Posted: Mar.29, 2007, 2:14 pm EDT
Always and without exception, baseball is about the players.
So who will be the players to watch in 2007? That all depends on the criteria. But while the fantasy geeks do their last-minute cramming on rookies and sleepers, here are 10 players to watch during the summer of 2007, albeit for different reasons:
1. Alex Rodriguez, 3B, New York Yankees
Let’s be honest: A-Rod’s life is a reality show. Next week, Alex talks about going to therapy! Putting a guy like A-Rod in New York has created the perfect storm, and now Rodriguez is entering a potential free-agent year because he has the right to opt out of his current deal at the end of the season. Here’s betting that he walks.
Meanwhile, there is a season to be played.
Bob Jordan/APMets shortstop Jose Reyes is a blur of energy on the baseball diamond.
2. Jose Reyes, SS, New York Mets
Now here’s a guy who truly belongs on the big stage. Truth be told, watching Reyes leg out a triple is more exciting than the Kentucky Derby. Coming off a season during which he batted .300 with 194 hits, 122 runs scored, 30 doubles, 17 triples, 19 home runs, 81 RBI and 64 stolen bases, Reyes is now The Most Dynamic Player in Baseball.
And he’s got an arm as strong as Joel Zumaya’s.
3. Barry Bonds, OF, San Francisco Giants
Unlike A-Rod, he is beyond Reality Show status. (Quite literally, in fact.) As he approaches Hank Aaron’s all-time home run record, Bonds somehow has gone from one of the truly great, multi-talented players in baseball history to one of the sadder figures of our (pas)time. As a home run king, we all know he will be a fraud. But how will America react?
And will he ever actually go to The Big House?
4. Daisuke Matsuzaka, RHP, Boston Red Sox
Red Sox fans always have been an excitable lot, but now they’ve just added a country of roughly 130 million to their viewing audience. Sox officials spent a whopping $103.11 million to get Matsuzaka -- a $51.11 million posting fee and $52 million, six-year contract -- and Matsuzaka has never thrown a professional pitch in a meaningful game on American soil.
What if the guy is a bust?
5. Alfonso Soriano, OF, Chicago Cubs
During the off-season, Soriano signed the biggest contract of any player available on the free-agent market, $136 million over eight years, an average of $17 million. A rare 40-40 player who plays defense as if blindfolded, Soriano is now being asked to play center field at cold, windy and raw Wrigley Field for mercurial manager Lou Piniella. Expect to see this guy in the highlights.
6. Gary Sheffield, OF, Detroit Tigers
If it seemed that the defending American League champions were relatively quiet during the off-season, it’s because they were. The Tigers acted swiftly in acquiring Sheffield from the Yankees, then sat back and brought back pretty much their entire team, especially the pitching staff. The one thing last year’s club lacked was a patient hitter with power who rarely strikes out.
Now they have him.
7. Carlos Zambrano, RHP, Chicago Cubs
Last season, for a positively dreadful Cubs team that had the worst record in the National League, Zambrano went 16-7 with a 3.41 ERA and 210 strikeouts. How good could he be now?
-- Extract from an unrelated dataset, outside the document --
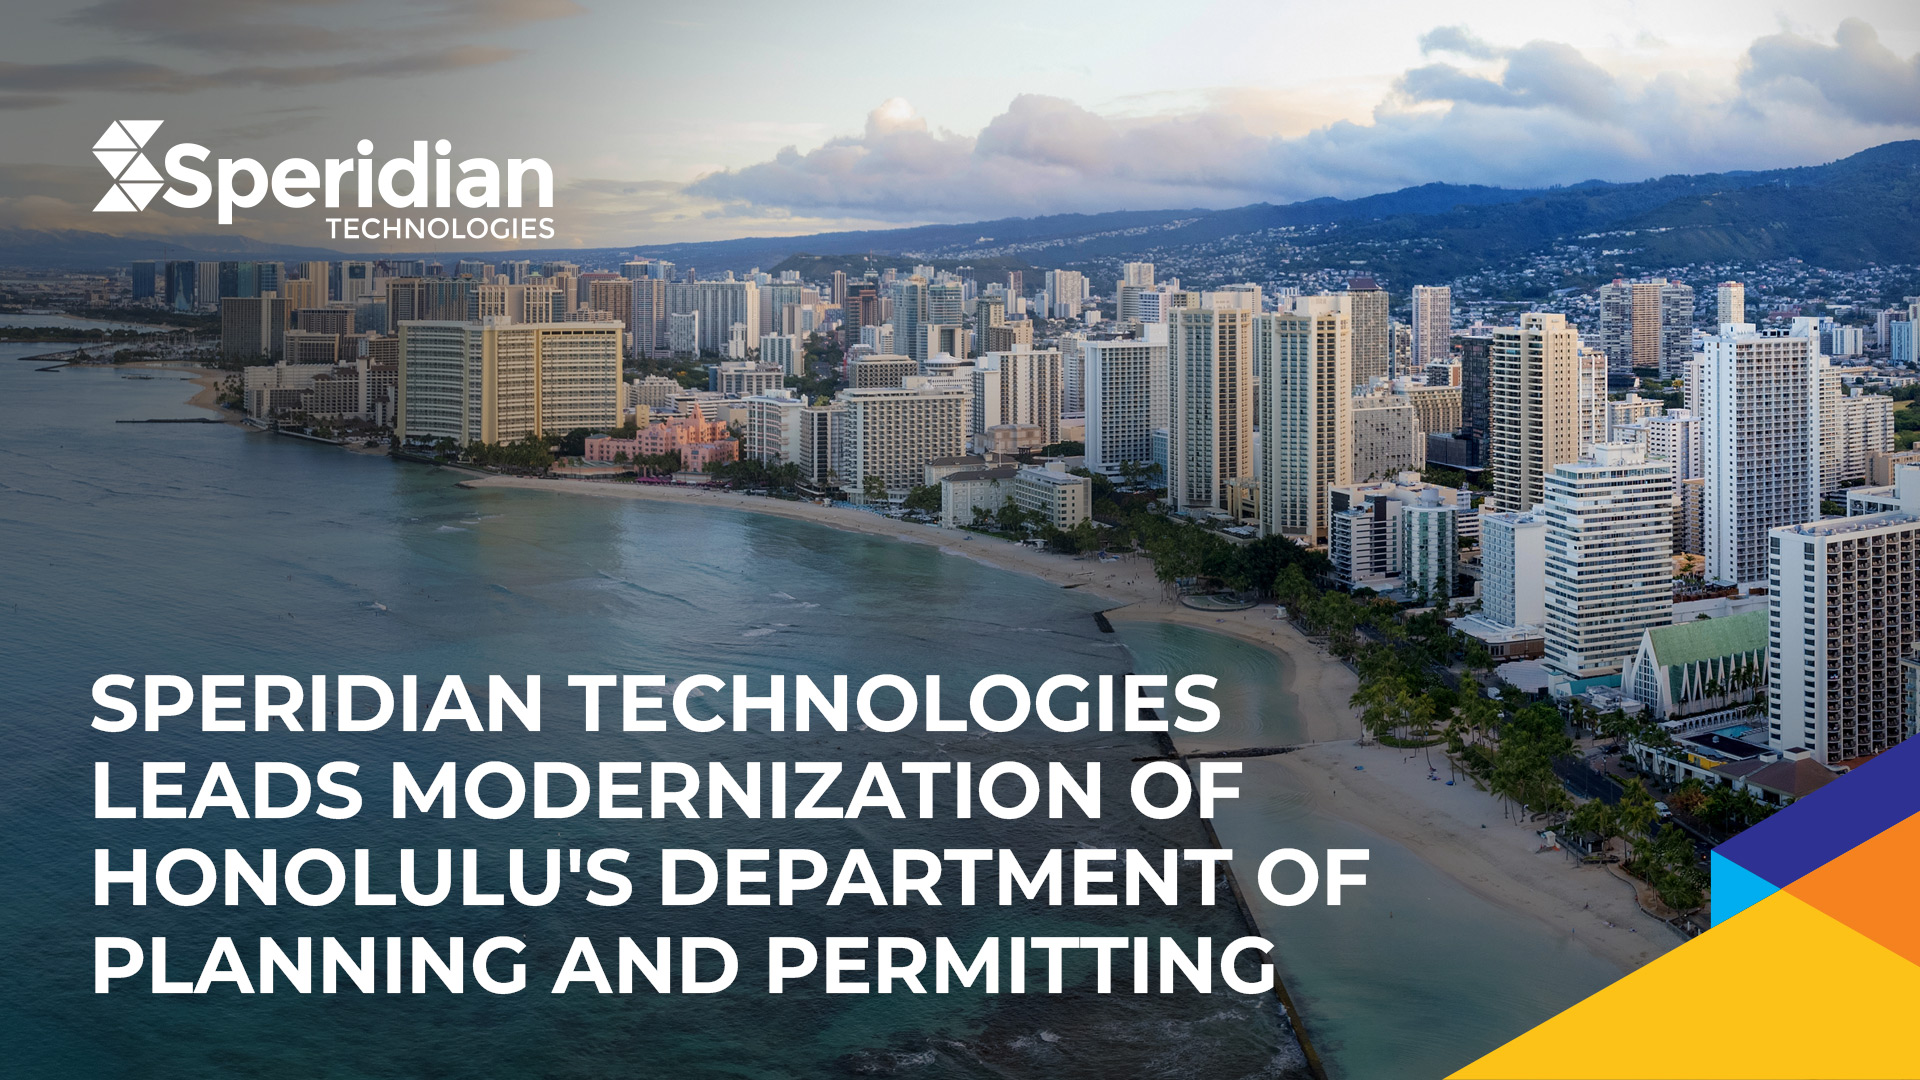 Speridian Technologies Leads Modernization of Honolulu’s Department of Planning and Permitting
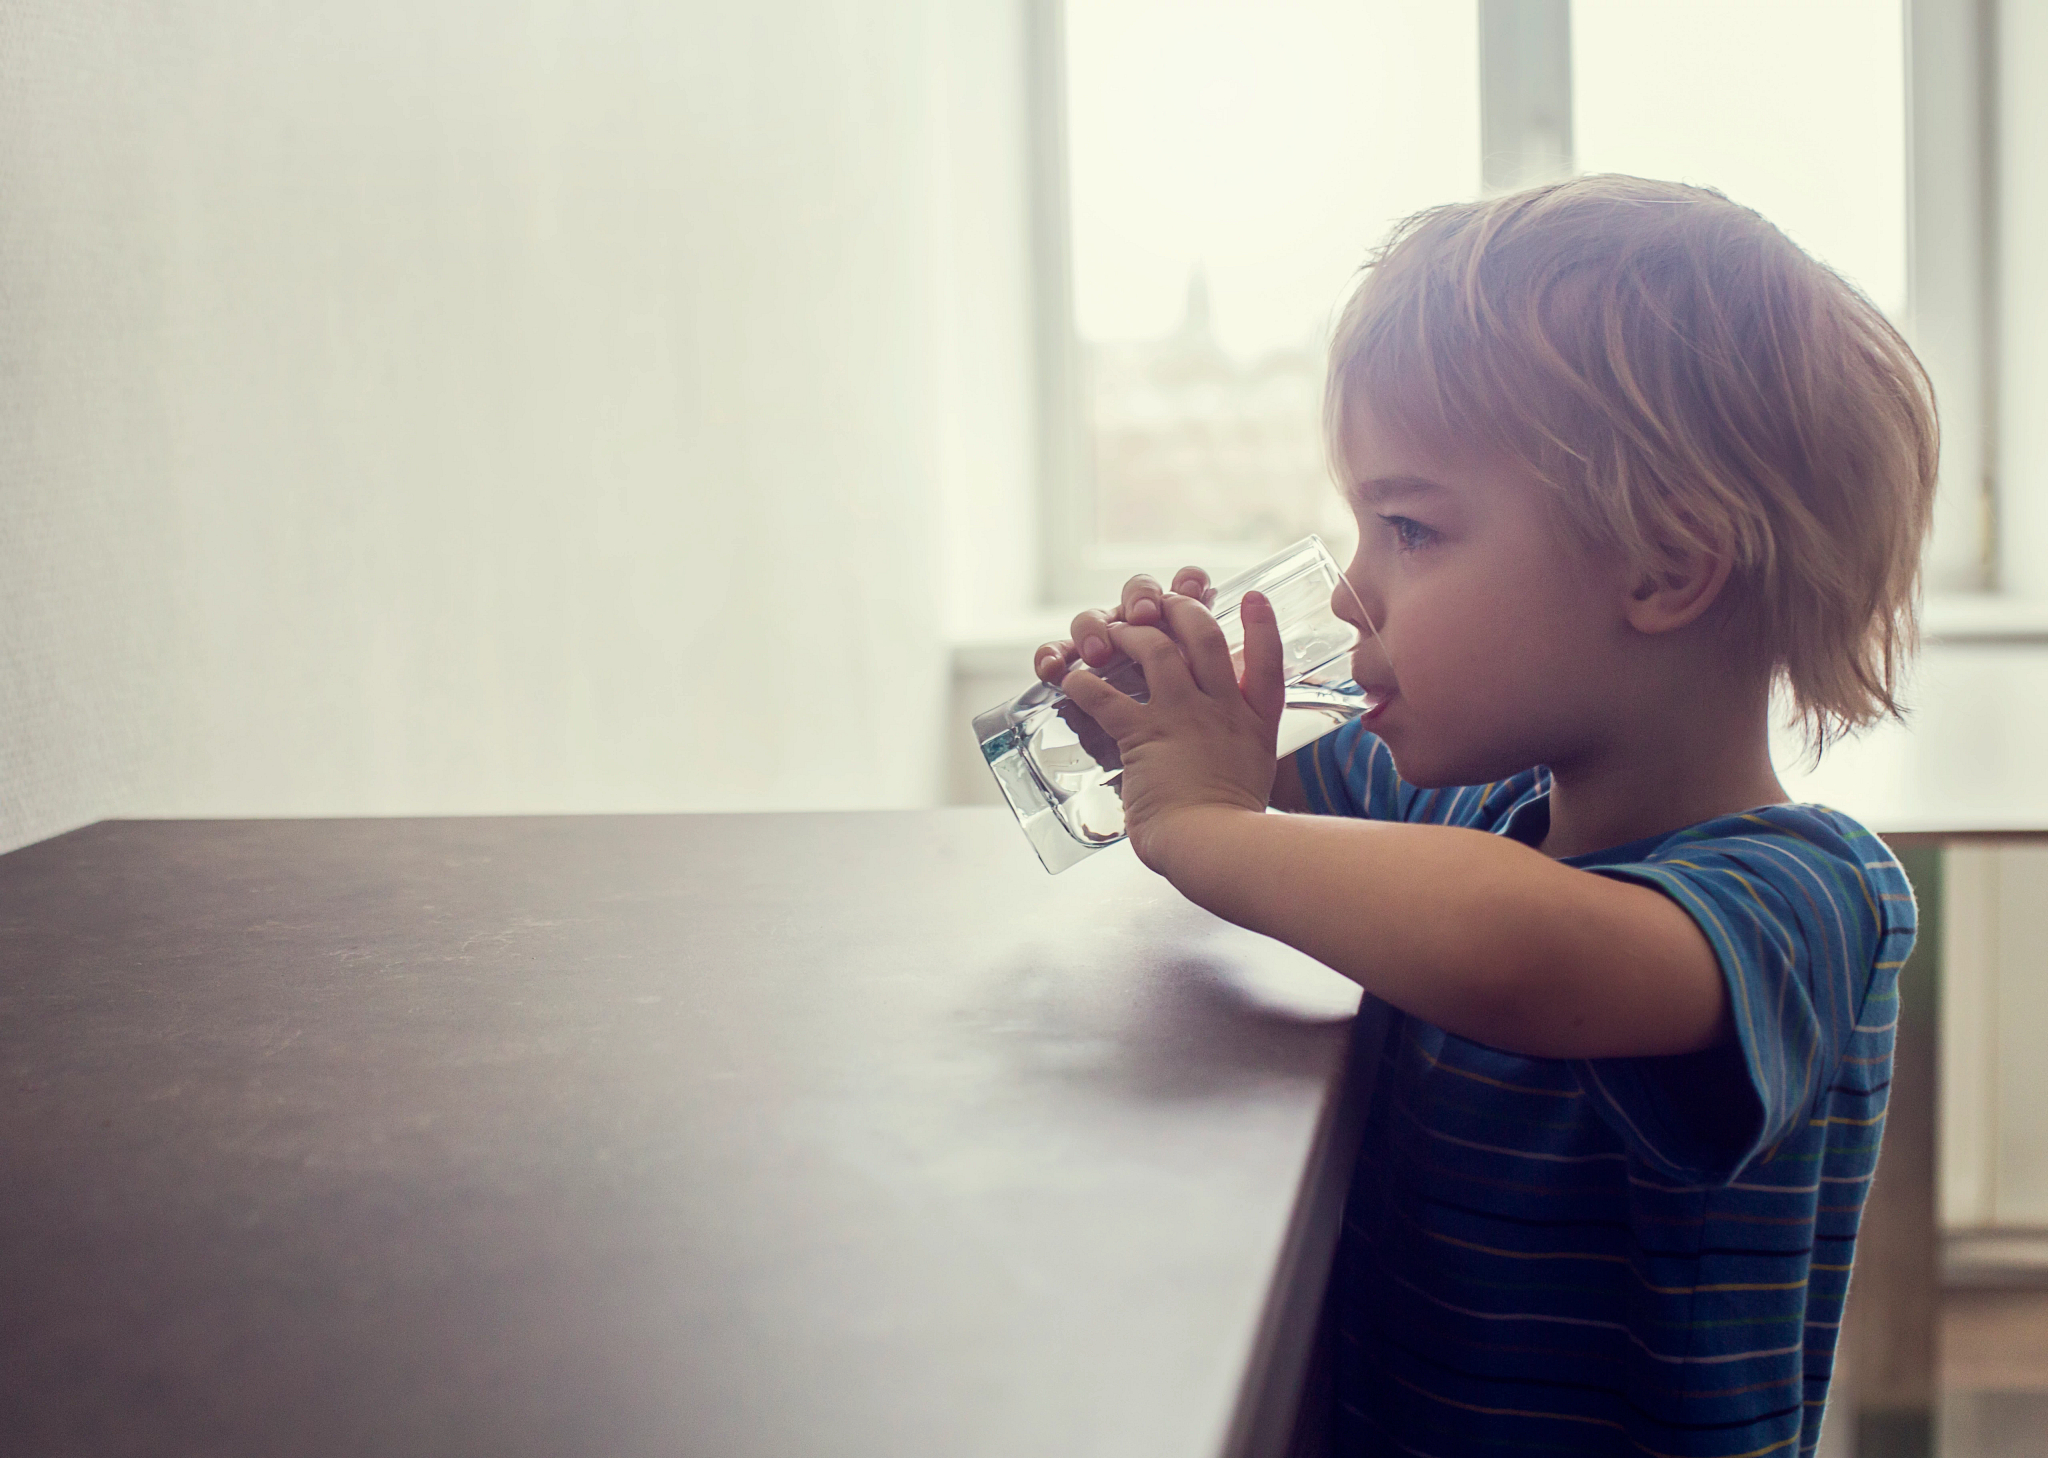 Early Childhood Exposure to Lead in Drinking Water Associated with Increased Teen Delinquency Risk

Zambrano is mercurial by nature and went through some public posturing before avoiding arbitration and agreeing to a one-year, $12.4 million contract.
Unless he signs an extension, he’ll be a free agent in November.
8. Andruw Jones, OF, Atlanta Braves
Funny, isn’t it? Two years ago, Jones was the Hank Aaron Award winner in the National League and the runner-up in the NL Most Valuable Player Award balloting. Now, he might trade bait (again) come July 31. The Braves have reinforced their bullpen (and then some) in an effort to improve, but if they fail to contend in the NL East, You Know Who might be available because he is eligible for agency in November.
Not a bad midseason pickup, eh?
9. Rich Harden, RHP, Oakland A’s
Every year, there are a number of players who seem to reach the proverbial crossroads; this season, Harden is among those at the top of the list. In his first full season of 2004, Harden won 11 games and posted a 3.99 ERA while striking out 167 in 189.2 innings. Since that time, he’s pitched only 174.2 innings, including a mere 46.2 last year.
So is this guy going to be a stud?
10. Ichiro Suzuki, OF, Seattle Mariners
As strange as it seems, the former MVP and owner of six consecutive 200-hit seasons could be a free agent by the end of this season. Earlier this spring, Suzuki entertained onlookers by hitting a succession of home runs during bating practice, and many have theorized that there always has been more power in that bat than Suzuki might have let on.
Now that there could be money at stake, think Ichiro might hit a few more homers?